Friday, May 29, 2009

Deja Dewar's

One of the fallouts of my mother selling her house was the mountain of my own papers and books that I had to go through and dispatch somewhere.

Much of the journals and early pieces of writing unearthed have been equal parts poignancy and hilarity read in the bright stark light of 2009.

One piece really took me by surprise. When I was 24, I wrote a Dewar’s Profile for myself.

I thought that the Dewar’s profiles were the most sophisticated, most wonderful snapshots of success in the world. I loved the interplay between the authoritative 3rd person statements and the 1st person quotes. They were always in my two favorite periodicals: New York Times Magazine section, and the New Yorker. I felt that if I ever became successful, I would have a Dewar’s profile. It’s one of the very few measures of success that I have ever thought about. Mercifully the ad campaign stopped before I had to face that music.

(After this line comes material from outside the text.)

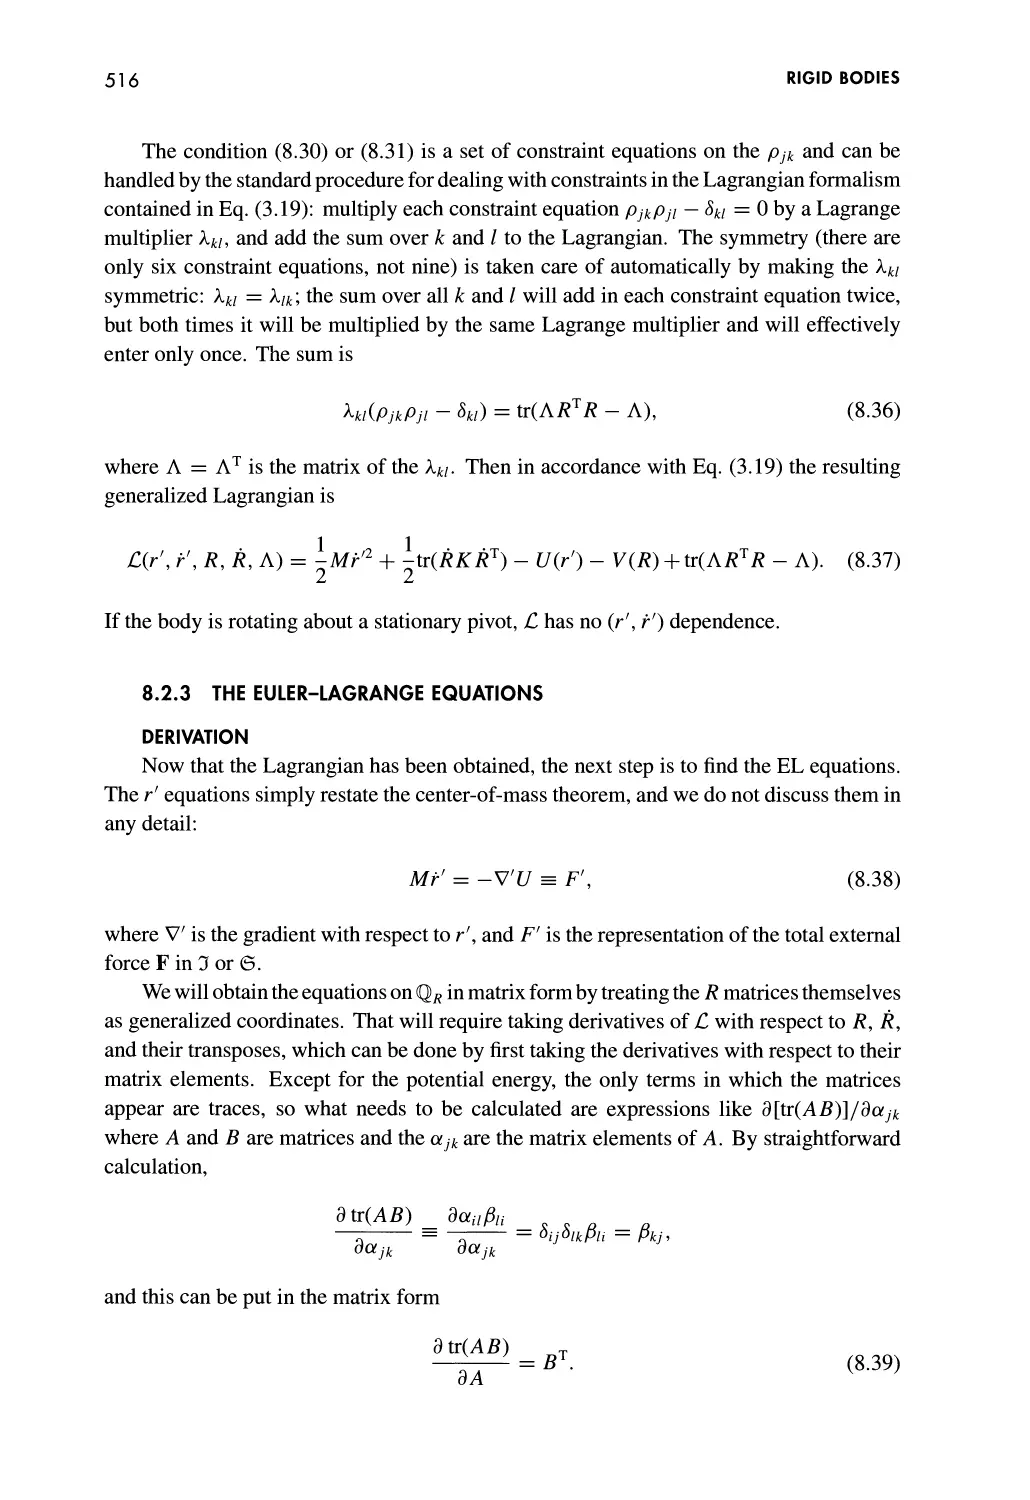 8.2.3 The Euler-Lagrange Equations

I couldn’t find many examples of old ads online. This one of Ola Hudson (mother of Slash) is from the seventies. It's unfamiliar to me because that was before my time for noticing such things. But the Henry Threadgill is from 1989, one of my prime viewing years.

The campaign began in 1969 with Jerry Orbach as the first profile of Dewar’s White Label brand. It was one of the ad agency Leo Burnett’s most successful campaigns ever.

Willy the Shake told us “To thine own self be true.” The depth of self-knowledge in my profile astounds me, if I may so say; I don’t remember being so self aware at such a young age. What a strange personal time capsule this was to find.

There were slight variations on the categories over time, but when I was 24, these were the ones in the ad I had torn out of the NY Magazine section.


M.A. Peel

HOMETOWN:
New York, New York

AGE: 24

PROFESSION: Writer/Editor

HOBBY: Singing Renaissance Polyphony “Why have just melody and harmony when you can have 4 equal lines”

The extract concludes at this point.